Bringing Digital Literacies to Life using portfolios and digital badges for an authentic learning and an online presence

University of Southampton

The University of Southampton is a research-led institution, based on the south coast of England, about 1 hour and 20 minutes from London. It has 24,000 students and comprises of 8 Faculties, from Engineering and Computer Science to Nursing, Business and Art. With such a broad base of disciplines there is never going to be a 'one size fits all' tool to support the integration of technology to enhance learning. However, through working with our Innovation and Digital Literacies Champions (iChamps) we have gone some way to bringing a consistent approach to developing digital literacies skills for both staff and students and whatever projects they work on we have applied two tools - Open Badges and a Pathbrite portfolio to capture their work and enhance their skills.

Digital Literacies Skills Development

Digital Literacies skills development is fundamental for any effective use of technology to enhance learning.

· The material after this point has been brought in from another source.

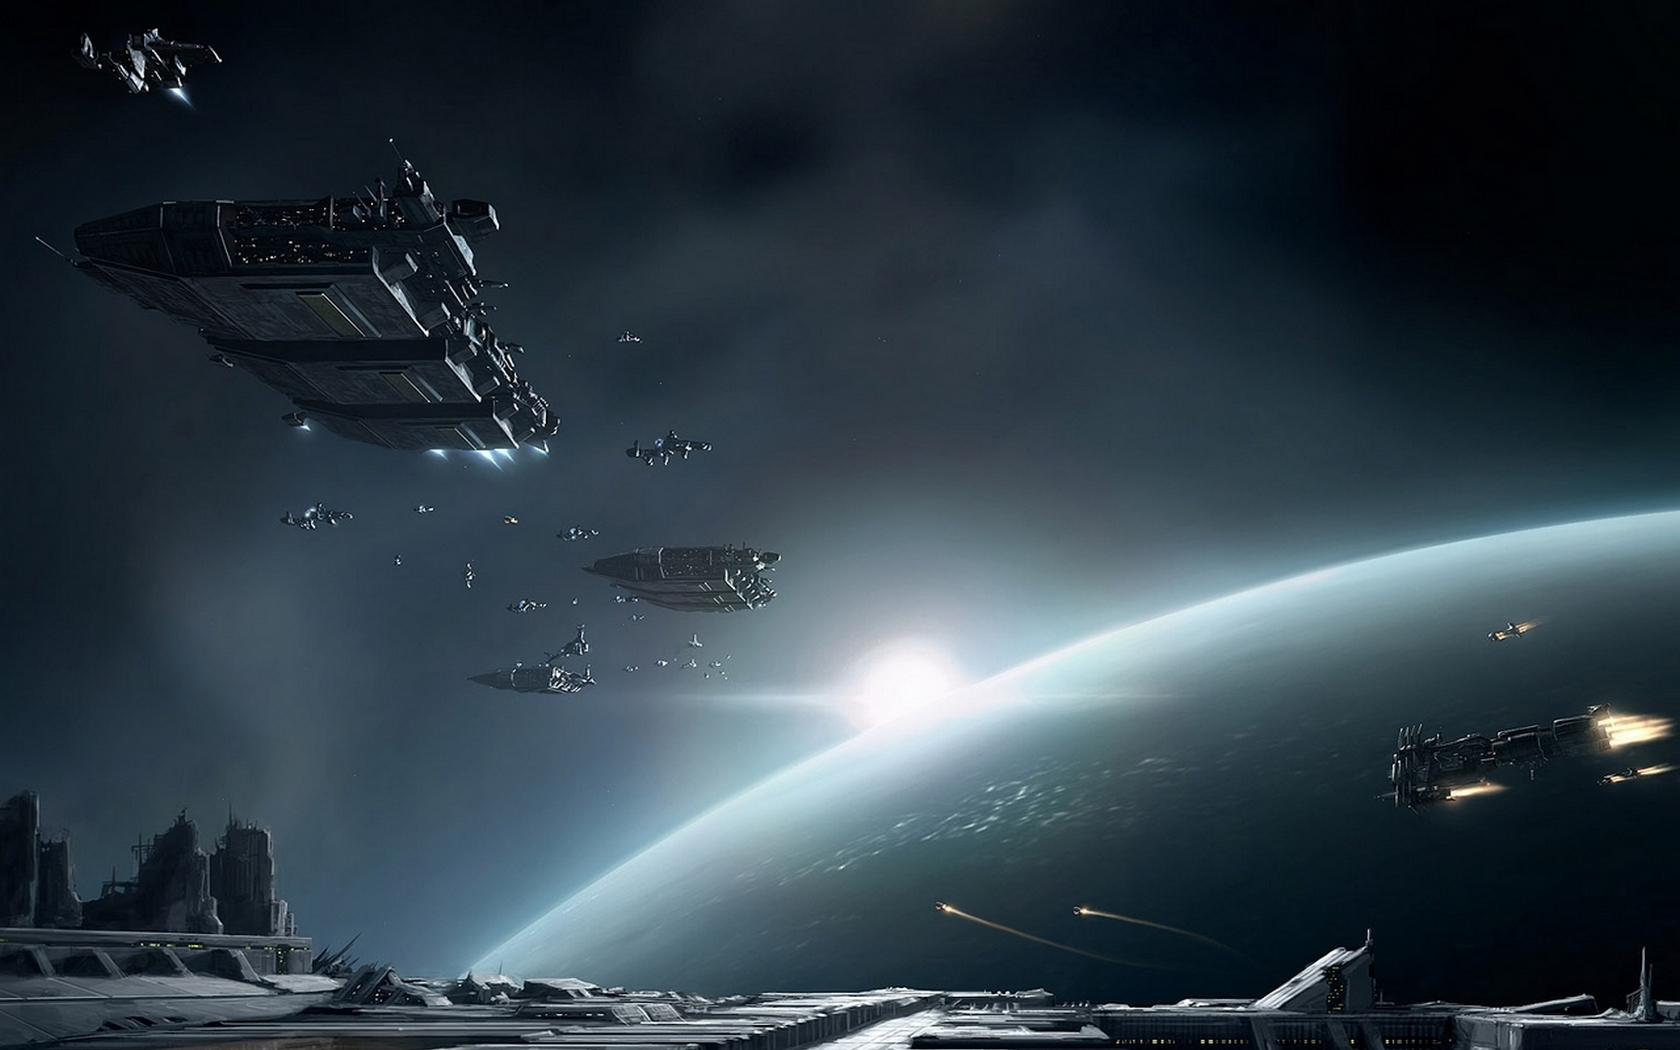 Free Sci Fi Fantasy Desktop Wallpaper: Science Fiction Wallpapers
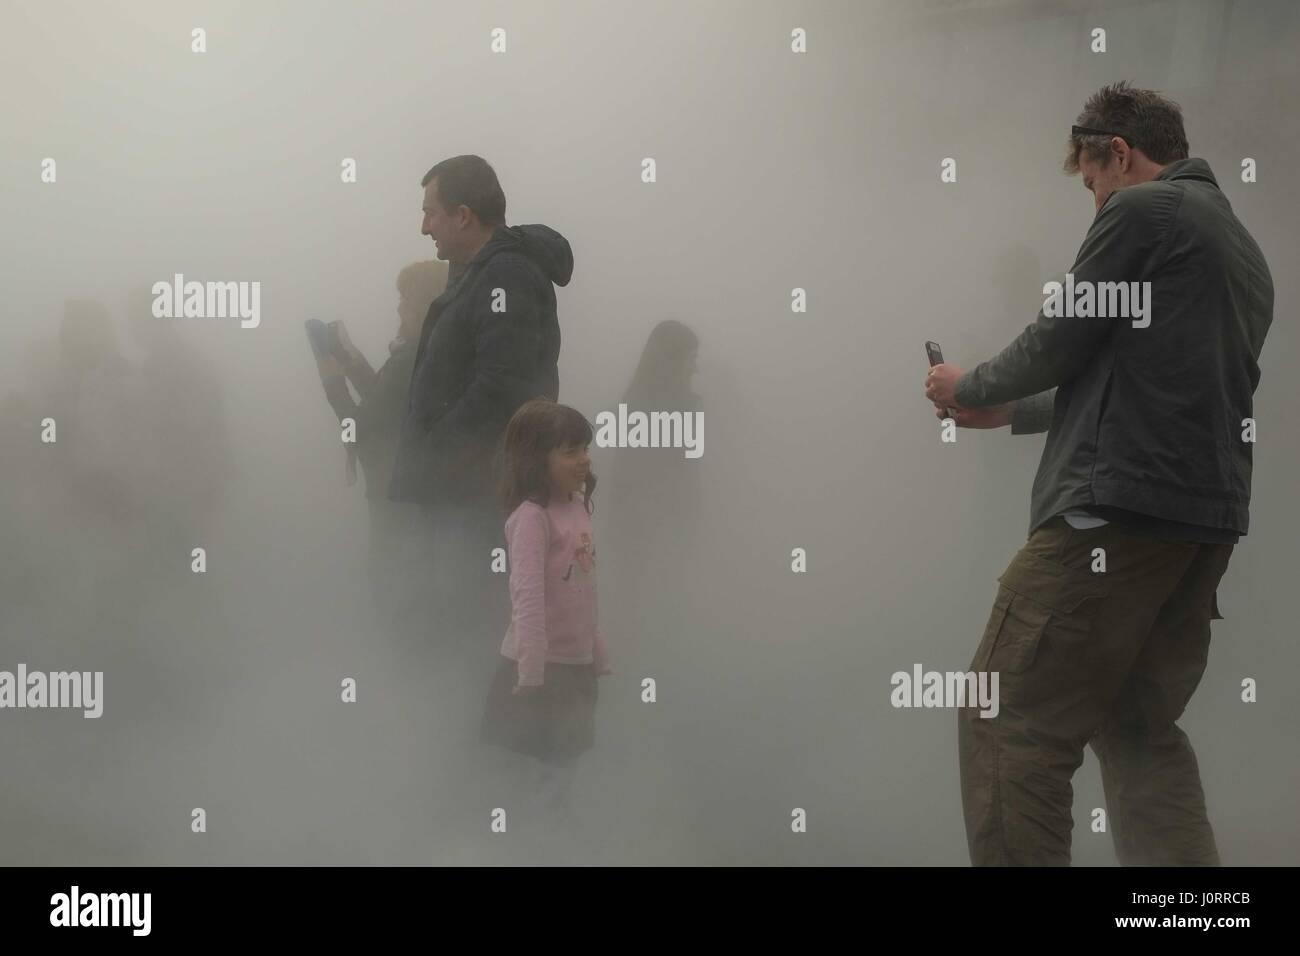 London, UK. 15th April 2017. Visitors continue to explore  Fujiko Nakaya's fog sculpture outside Tate Modern's Switch Stock Photo

When we mention digital literacies we are referring to the skills to create content, be critical thinkers, citizenship, collaborate, communicate etc.

"Functional technical skills + critical thinking + social engagement = digital literacy" (Josie Fraser, TEDx Leicester, 2015)

Digital is everywhere

Developing digital literacies skills allow our students and staff to thrive in an modern society. Technology has infiltrated our lives through the consumerisation of devices, an almost ubiquitous use of smartphones (90% of students own a smartphone/cell) iPads, smart watches, wearables all contribute to our connected lives. Digital literacies skills ensure or allow us to have the opportunity to take advantage of the affordances of these tools and therefore engage effectively in a global world.

Blended Learning

Even more importantly, the development of digital literacies skills are an important part of blended learning activities and should be part of any strategy to increase the adoption of blended learning practices. Coupled with evidence based learning, they are a powerful tool for supporting staff and students to engage in the effective application of technology enhanced learning

Innovation and Digital Literacies Champions (iChamps)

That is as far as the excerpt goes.